I almost threw up my pancakes and angry, hot tears started to run down my face. I had no control over my obvious emotions.
Before I could say anything, my brother cuts me off and says that while he won't approve of my Dads new found love, he does approve of putting our Mom into a home. At this point, I'm beside myself. I can hardly speak for the lump stuck in the back of my throat. I told him how could he be so cruel, and then this "woman" (Beverly) says you have no idea how hard this has been on your Dad. I almost threw my coffee at her.
Oh, I might also add that he has already paid someone to pack up everything to take my Mom to this new "home" (rest home) and plans to liquidate the rest of the household items as he can't bear the memories of days gone by. My sister and myself have been there every other day to help out at home with our Mom and we hired a full-time caregiver who is there 6 days out of the week. Apparently that's not good enough for Dad.
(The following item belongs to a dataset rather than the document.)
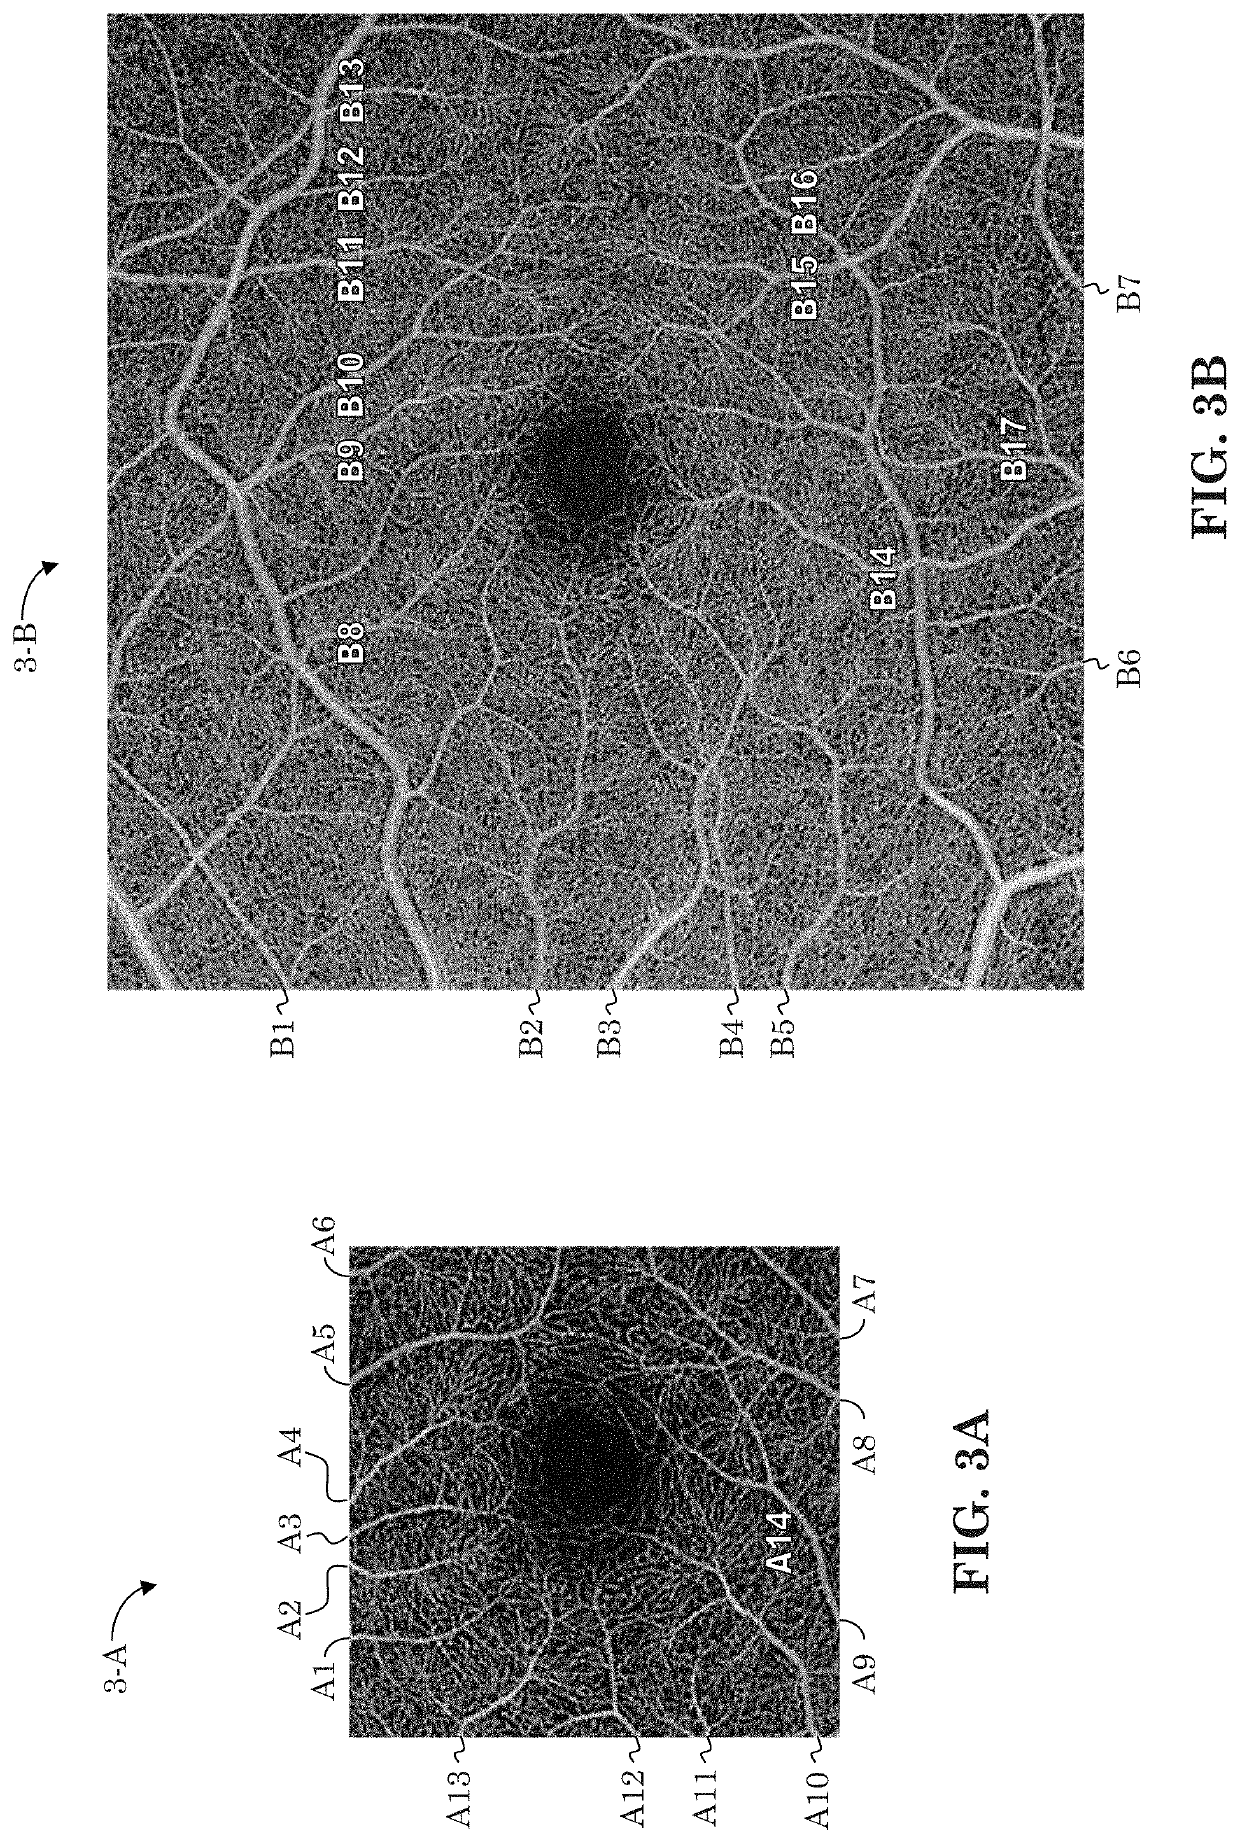 Oct-based retinal artery/vein classification

He just wants to wash his hands of my Mom and anything that reminds him of her.
Right now I truly hate this person and feel nothing but disgust for him. My Mom was a good wife and a loving mother all these years and this is the thanks she gets?
I have made a bold move and offered to take her in to live with me and my family. I will not let this go. I can't. I get the feeling my Dad has been busy finding "love" for quite a while now.
What to do?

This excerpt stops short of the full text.